Randomised trial of structured antenatal training sessions to improve the birth process
- PMID: 20536430
- DOI: 10.1111/j.1471-0528.2010.02584.x
Randomised trial of structured antenatal training sessions to improve the birth process
Abstract
Objective: To compare the birth process in nulliparous women enrolled in a structured antenatal training programme, the 'Ready for Child' programme, with women allocated to routine care.
Design: A randomised controlled trial.
Setting: A Danish university hospital.
Participants: Thousand hundred and ninety-three nulliparous women, recruited before week 22 + 0. Methods Compliance to the protocol was monitored by questionnaires sent to the women by email, and by data from the local birth cohort database. Data were analysed according to the 'intention-to-treat' principle.

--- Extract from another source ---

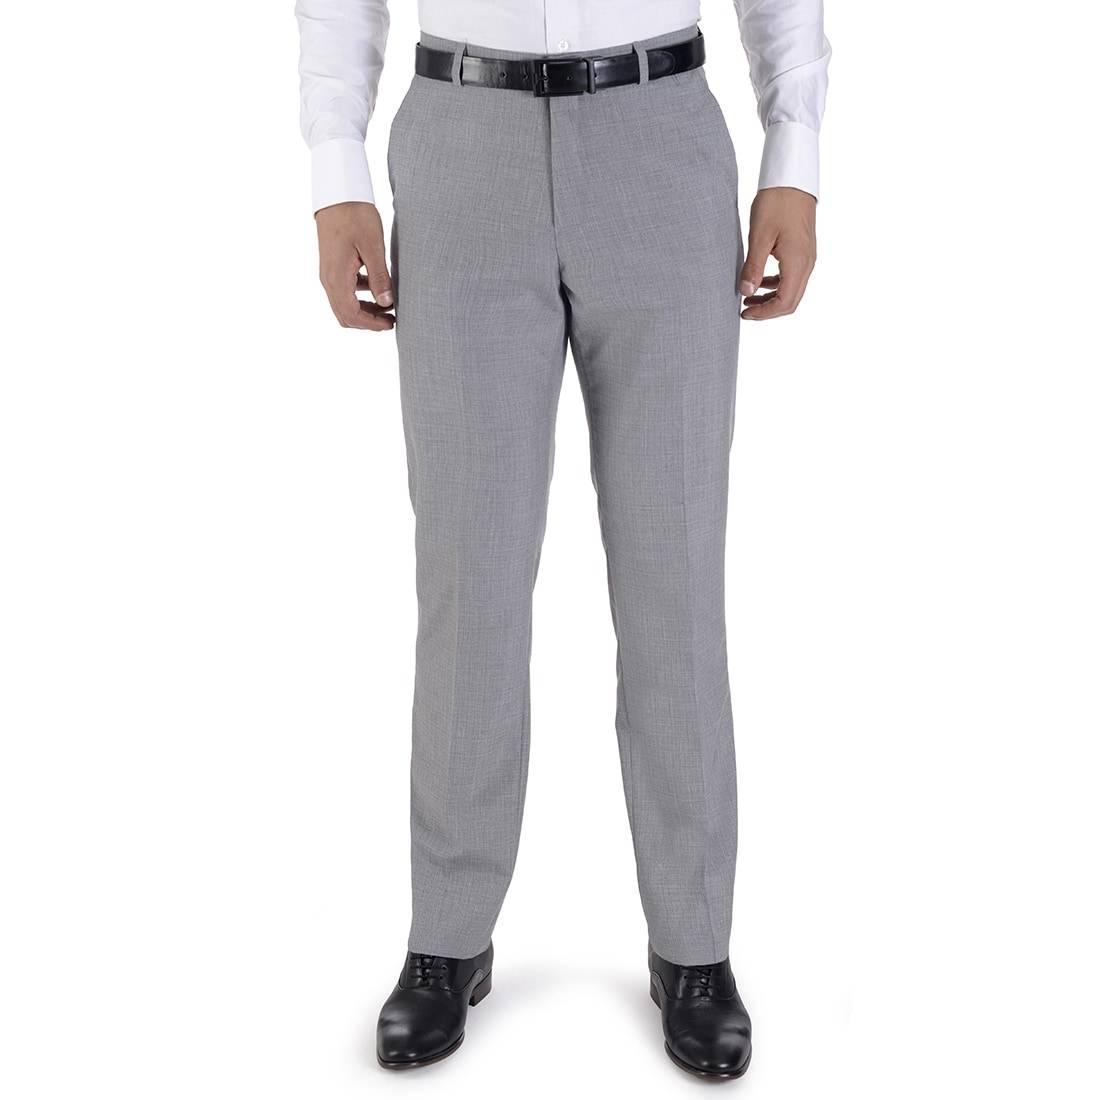 010060045105-01-Pantalon-de-Vestir-sin-Pinzas-Classic-Fit-Gris-yale

Intervention: Women were randomised to receive 9 hours of antenatal training or no formalised training. Of the 1193 women, 603 were randomised to the intervention group and 590 were allocated to the reference group.
Main outcome measures: Cervix dilatation on arrival at the maternity ward, use of pain relief and medical interventions during the birth process, and the women's birth experience.
Results: Women who attended the 'Ready for Child' programme arrived at the maternity ward in active labour more often than the reference group [relative risk (RR) 1.45, 95% confidence interval (95% CI) 1.26-1.65, P < 0.01], and they used less epidural analgesia during labour (RR 0.84, 95% CI 0.73-0.97, P < 0.01) but not less pain relief overall (RR 0.99, 95% CI 0.94-1.04, P < 0.72). Medical interventions and the women's self-reported birth experiences were similar in the two groups. We found no adverse effects of the intervention.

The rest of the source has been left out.